3.3 Connection Termination

The client may either actively close the connection or wait for the server to close it after timeout.

3.3.1 Active Close

The client can actively disconnect by sending a close message:

##START\x0500000000[0000]##DISCONNECT##END

3.3.2 Close Response

After receiving the close message, the server will respond:

##START\x0500000000[0000]##INFO:DISCONNECT 3 seconds##END

3.3.3 Close Flow

Client sends close message.

Server sends close response.

Server closes the TCP connection after a 3-second delay.

Client detects the connection closure.

3.3.4 Abnormal Close

If the client drops the TCP connection directly, the server will detect it and clean up the associated resources.

If the server closes unexpectedly, the client should implement a reconnection mechanism.

4. Message Protocol

4.1 Basic Message Structure

All messages follow a unified format:

##START[MessageType][TaskID][SequenceNumber][MessageContent]##END

Note: Square brackets [] are used only to illustrate the format and are not included in the actual data.
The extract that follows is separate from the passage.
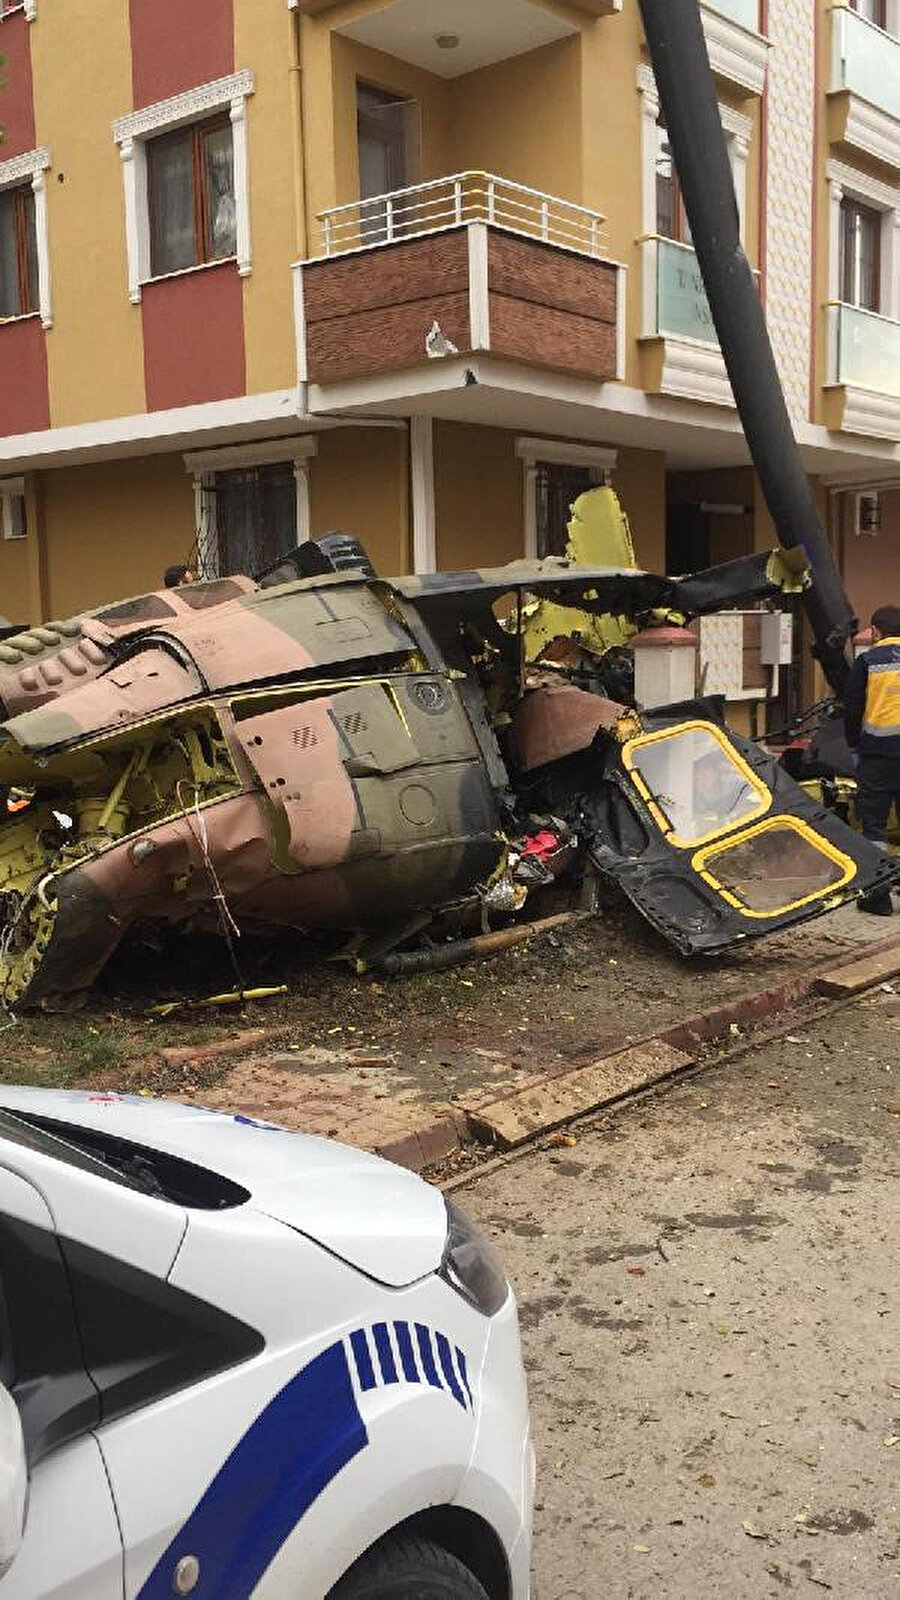 Düşen helikopterin bütünlüğünü koruması kazasının iniş sırasında gerçekleştiği izlenimini veriyor.

4.2 Message Type Definitions (1 byte)

| Type Name   | Hex Value | Description |
|-------------|-----------|-------------|
| AUTH        | `\x01`    | Authentication message |
| AUDIO_FRAME | `\x02`    | Audio-frame data |
| END_FRAME   | `\x03`    | End-of-stream marker |
| TEXT        | `\x04`    | Text message |
| STATUS      | `\x05`    | Status message (can be used for client heartbeats) |
| MCP         | `\x06`    | MCP message (optional extension) |
| SPEAK       | `\x07`    | Speak specified content (added in v2.4) |

4.3 Message Field Description

4.3.1 Frame Markers

Start marker: b'##START'

End marker: b'##END'

4.3.2 Message Type (1 byte)

Encoded as a single byte.

Valid range: b'\x01' – b'\x05'.

4.3.3 Task ID (8 bytes)

Fixed-length ASCII string of 8 bytes.

Special value: 00000000 (reserved for system messages).

Any other value: client-defined, must be exactly 8 bytes.

Recommended charset: letters and digits.

Examples:

00000000 – system message

task0001 – ordinary task

abcd1234 – ordinary task

4.3.4 Sequence Number (4 bytes)

Fixed-length ASCII string of 4 bytes.

Range: 0000–9999.

Incremented sequentially per sender.

Special value: 0000 (used for status messages).

5. Authentication Mechanism

5.1 Authentication Message Format

##START\x0100000000[0000]JWT_TOKEN##[Param1]:[Value1]##[Param2]:[Value2]...##END

5.2 Optional Parameters

Parameter	Type	Default	Description
voiceid	string	Character default voice	Voice ID
emotion_status (WIP)	string	true/false	Whether to return emotion status
lang	string	"default"	Language setting. Natural-language values accepted: `"default"`, `"auto"`, `"中文"`, `"English"`, `"JA"`, `"kr"`, etc.
format	string	pcm	Output audio format. Affects audio data returned by the server. Allowed: `pcm`, `opus`
input_audio_format	string	pcm	Input audio format. Affects how the server parses upstream audio. Allowed: `pcm`, `opus` (raw stream: 2-byte length prefix + 60 ms frame)
in_rate	int	16000	Input sample rate (logged/validated; server always resamples to 16 kHz)
in_channels	int	1	Input channel count (logged/validated; server always converts to mono)
in_frame_ms	int	60	Input frame length in milliseconds; recommended frame size for Opus input
mode	string	manual	New in v2.5 Audio processing mode. Allowed: `manual` (manual mode), `auto` (automatic VAD mode)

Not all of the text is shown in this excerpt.